As we make our way to the other side of this crisis, we will adopt new behaviors, have new expectations, implement new processes, and test new business models.

The secret to recovering faster and locking in long-term competitive gains is to balance cost-cuts with proactive actions before the crisis ends. It will mean making “smart” cost cuts, while investing in new capabilities and increased productivity that better enable you to weather the volatility better and to take advantage of new trends.
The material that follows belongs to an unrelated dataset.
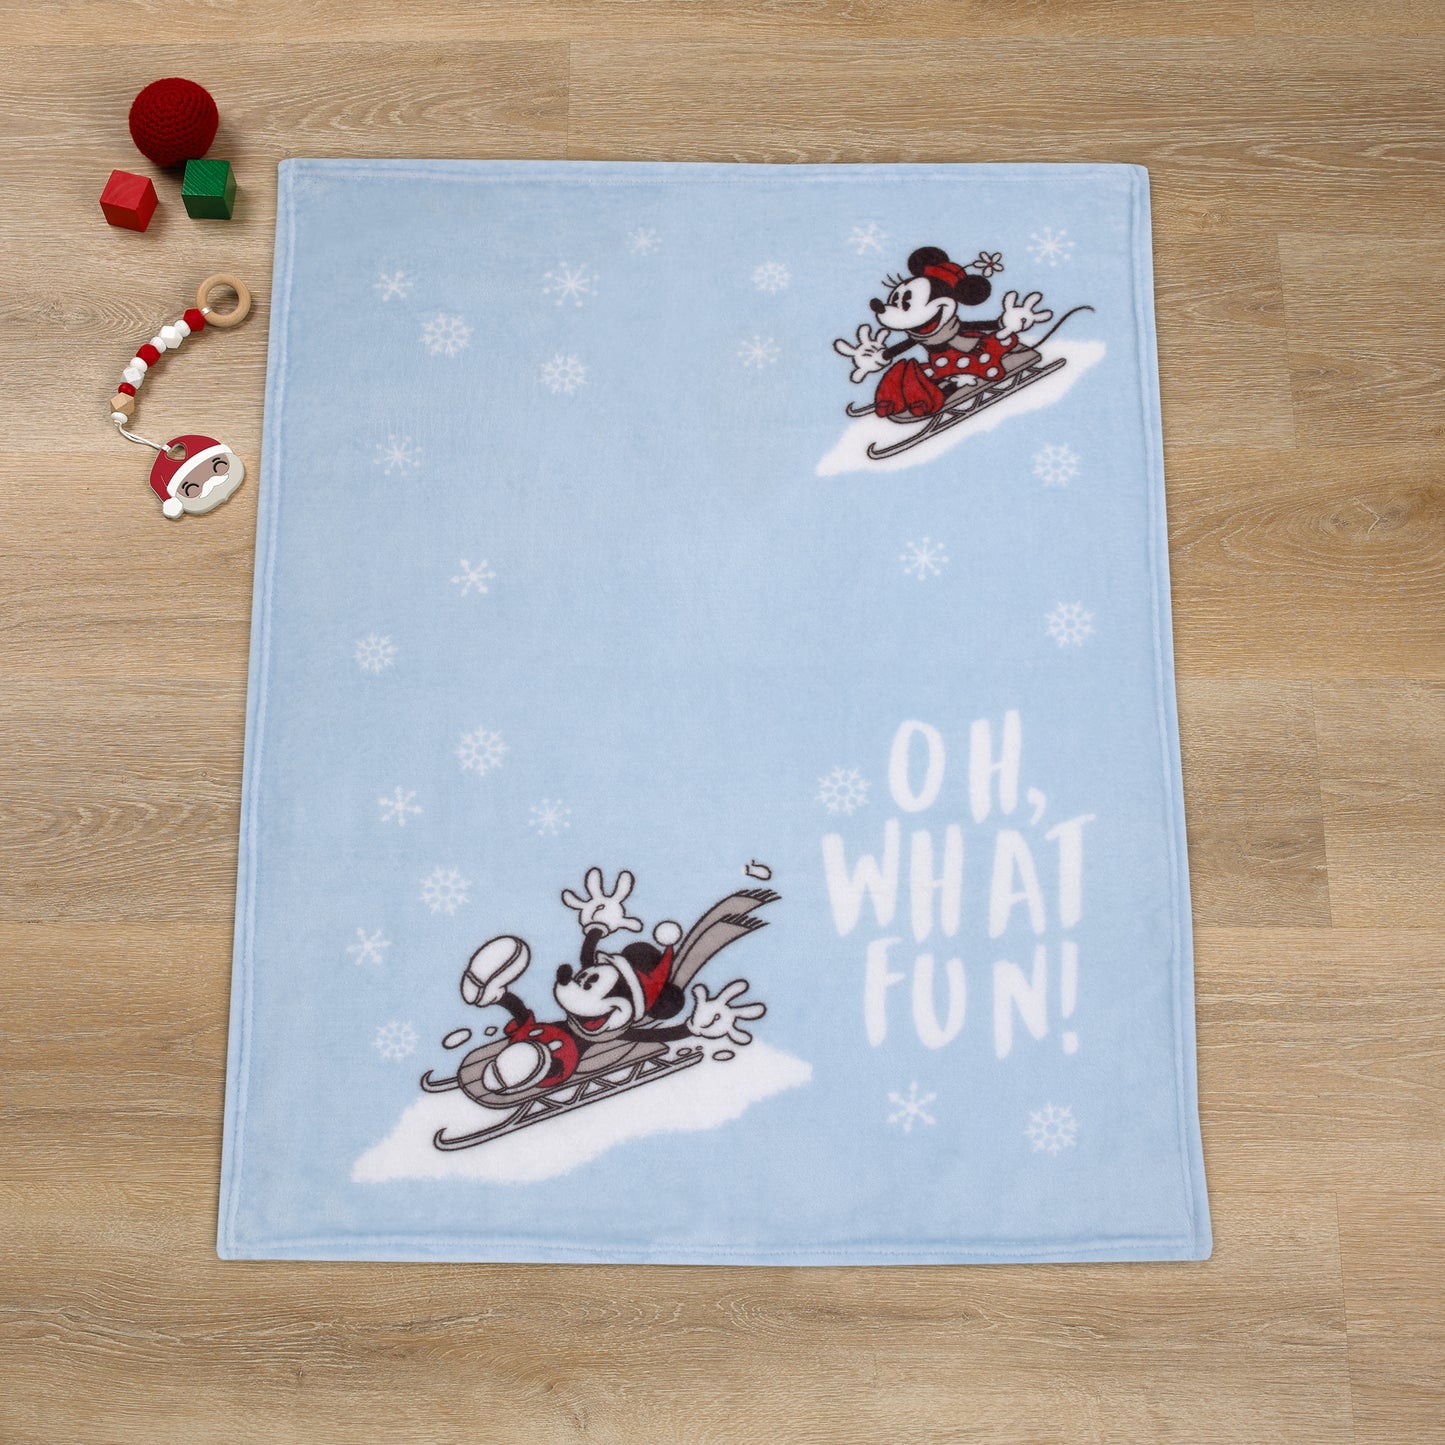 Disney Mickey and Minnie Mouse Blue, White and Red Winter Holiday "Oh, What Fun!" Snowflakes Photo Op Super Soft Baby Blanket
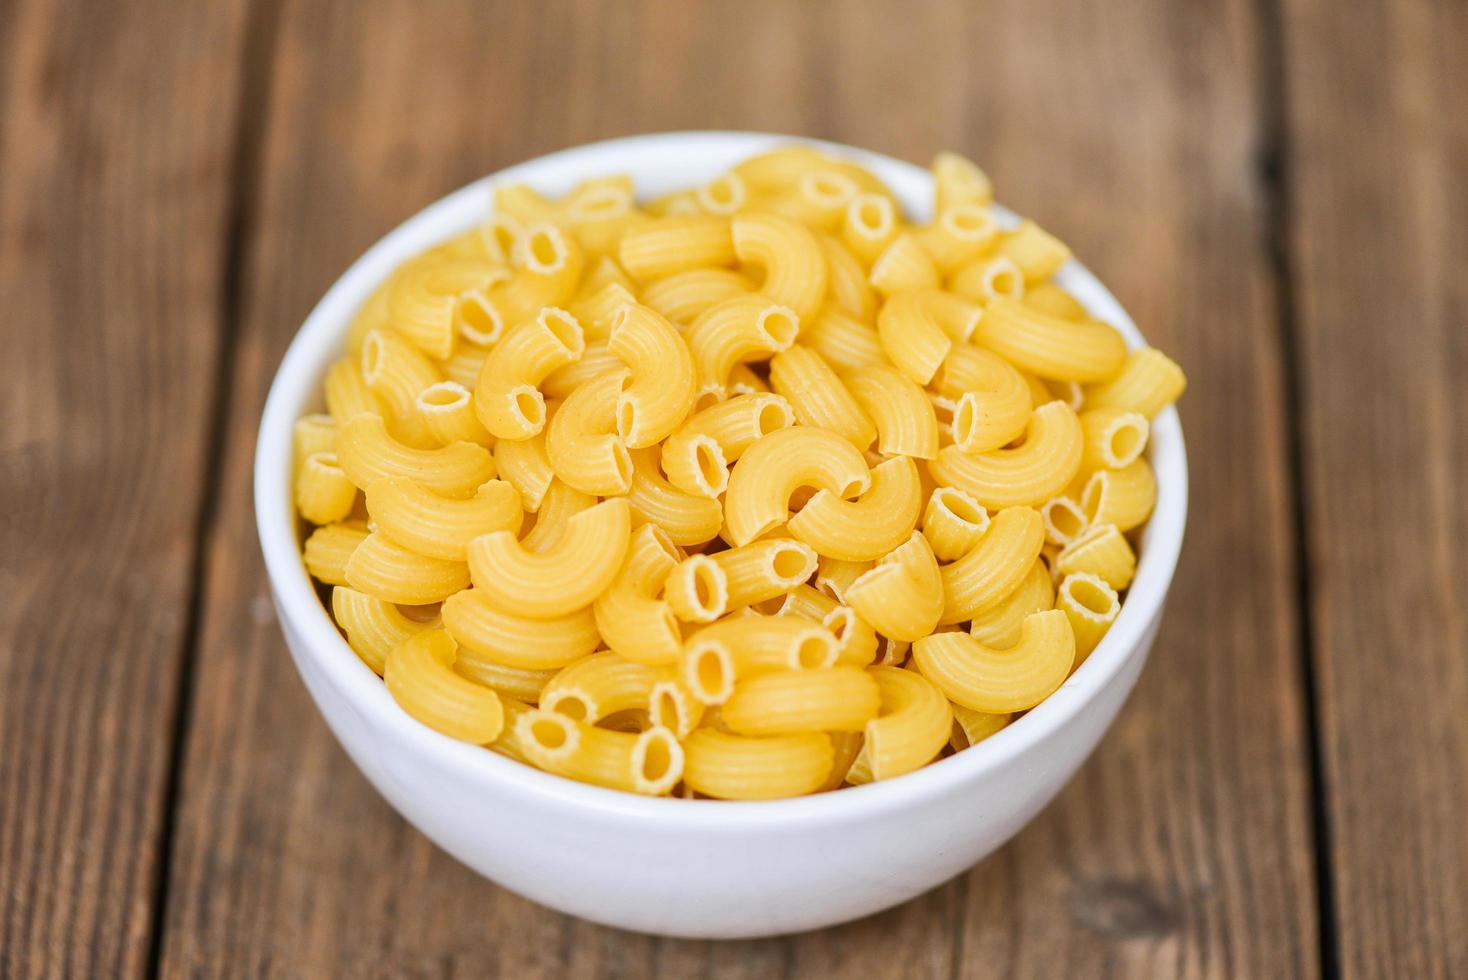 macaroni top view on bowl and wooden background - close up raw macaroni uncooked delicious pasta or penne noodles photo

Bain & Company studied over 3,900 companies from the last recession and found that this strategy in a crisis led to long-term performance gains. According to Bain & Company’s analysis, “Winners locked in gains to grow at an average 13% CAGR in the years after the downturn, while the losers stalled at 1%.” This difference in growth can have a huge impact with winners doubling revenue in about 5-6 years, while losers seeing revenue remain almost flat over the same timeframe.

This Chart Shows Bain & Company’s analysis timeframe.

For more information on how to find the right balance today and beyond, consider how smart strategic moves coupled with technology advancements can help. Check out the eBook: CFO 3.0 – Digital Transformation Beyond Financial Management for additional insights. As we all continue to respond to this crisis, please let us know if there are additional topics that you would like us to address.

1 The Harvard Business Review found that progressive companies (offense & defense) have a 37% chance of pulling ahead of their competition while prevention-focused (defense) companies only have a 21% percent chance of pulling ahead at the end of a recession. So progressive companies are 76% (37%/21% – 1 = 76%) more likely than prevention-focused companies to pull ahead of their competition after a recession.